Two Day Amsterdam Itinerary

If you’re looking for what to do during two days in Amsterdam, look no further. This local (well, technically I was a local for 5 years) has got you covered with the best tips on how to spend two days in Amsterdam. You might be asking yourself, are two days in Amsterdam enough? My answer is always a firm “no”, but if two days is all you have, we’ll make it work 😉
In this post, you’ll find tips on what to do in Amsterdam in two days, where to stay in Amsterdam, where to eat in Amsterdam, the best bars in Amsterdam, and how to get around Amsterdam.
amsterdam itinerary
PS. this post is also inspiration for you Amsterdam weekend itinerary!
Need a quick crash course on who the Dutch are or where Amsterdam is? Check out this post, Is Holland a Country?

How to get to Amsterdam

Arriving to Schiphol Airport or Amsterdam Central Station: If you arrive by plane to Schiphol Airport, it will probably be pretty tempting to take a taxi or an Uber into the city – yes, fear not fellow millennials, there are Ubers in Amsterdam.

I’d suggest avoiding a taxi or an Uber though, and opt instead to take the train, depending on how many folks you’re traveling with. Taxis and Ubers into Amsterdam are pretty expensive, and can cost at least €30 for a twenty-minute ride. A quick search on google maps will provide you with a way to your lodging that is likely much cheaper than a taxi or Uber. Speaking of cheaper, visiting Amsterdam is pretty expensive, so you might want to check out this guide to Amsterdam on a budget.

Oh, and don’t assume that wherever you are staying is closest to Amsterdam Central Station – there are many train stations in Amsterdam and Central Station is often not the closest one to where you’ll stay!

Day 1 in Amsterdam

Start your day one of Amsterdam’s best museums

First things first, if its your first time in Amsterdam, you’ll likely want to hit up some of the tourist hotspots. The most obvious of these are the Red Light District, Amsterdam’s museums, and it’s canals. Save the Red Light District for the evening – that’s when the area is really alive, and by “alive”, I mean filled with British men celebrating their stag-do’s (i.e. bachelor parties), and stumbling around the Red Light District. More on that later.

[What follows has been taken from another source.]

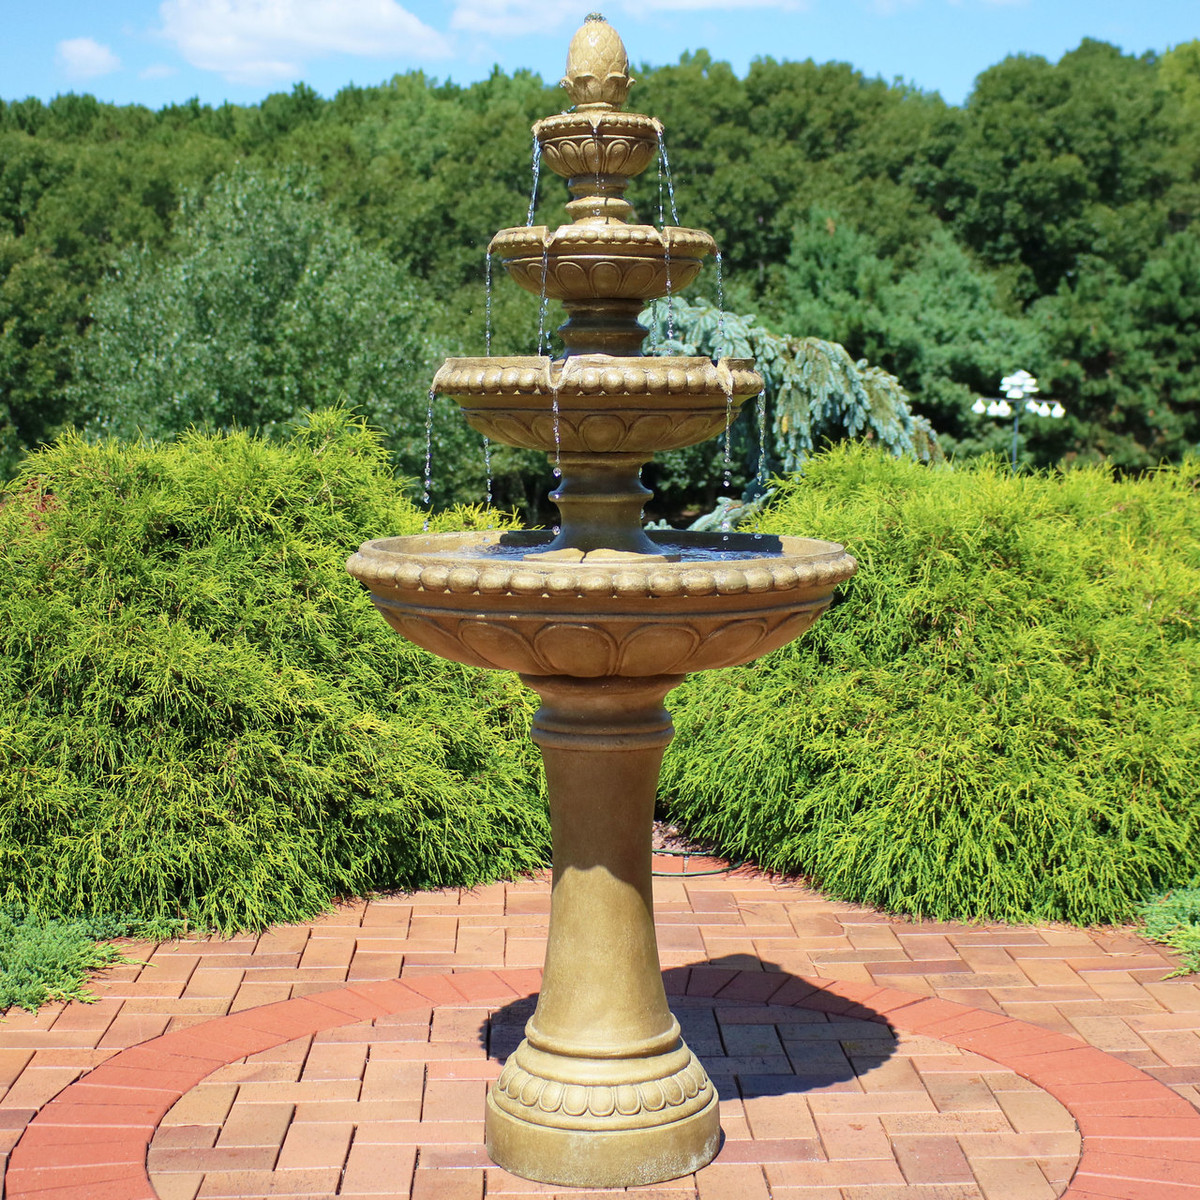 Sunnydaze 4Tier Eggshell Outdoor Water Fountain, 65 Inch Tall, Perfect

No two day Amsterdam itinerary would be complete without getting you to some of Amsterdam’s most famous museums. Visiting a museum in Amsterdam is also one of the best activities for solo travel in Amsterdam. Before you arrive in Amsterdam, you should probably already decide which of its museums you’d like to visit – especially if you plan on visiting during the summer or peak tourist weekends (like Easter weekend). You’ll need to decide on the museums you’d like to visit ahead of time so you don’t waste your time in long lines waiting to enter the museums! Follow this link for Rijksmuseum tickets.

Rijksmuseum
If you don’t get your tickets ahead of time, you’ll be spending a lot of time waiting in the tunnel under the Rijksmuseum… which isn’t actually that bad!

The Anne Frank House is famous for its huge lines that tourist spend hours upon hours in. Make sure to book your Anne Frank tickets ahead of time. Although I lived in Amsterdam for over 5 years, and in the Netherlands for eight years, I have to admit I never visited the Anne Frank House despite having read the book as a child. I know many people feel it is a rite of passage to visit when you’re in Amsterdam, but I prefer lighter topics on vacation 🙂

Note that the Anne Frank house is not included on the IAmsterdam city pass card – that may determine if you’d like to purchase the IAmsterdam pass. 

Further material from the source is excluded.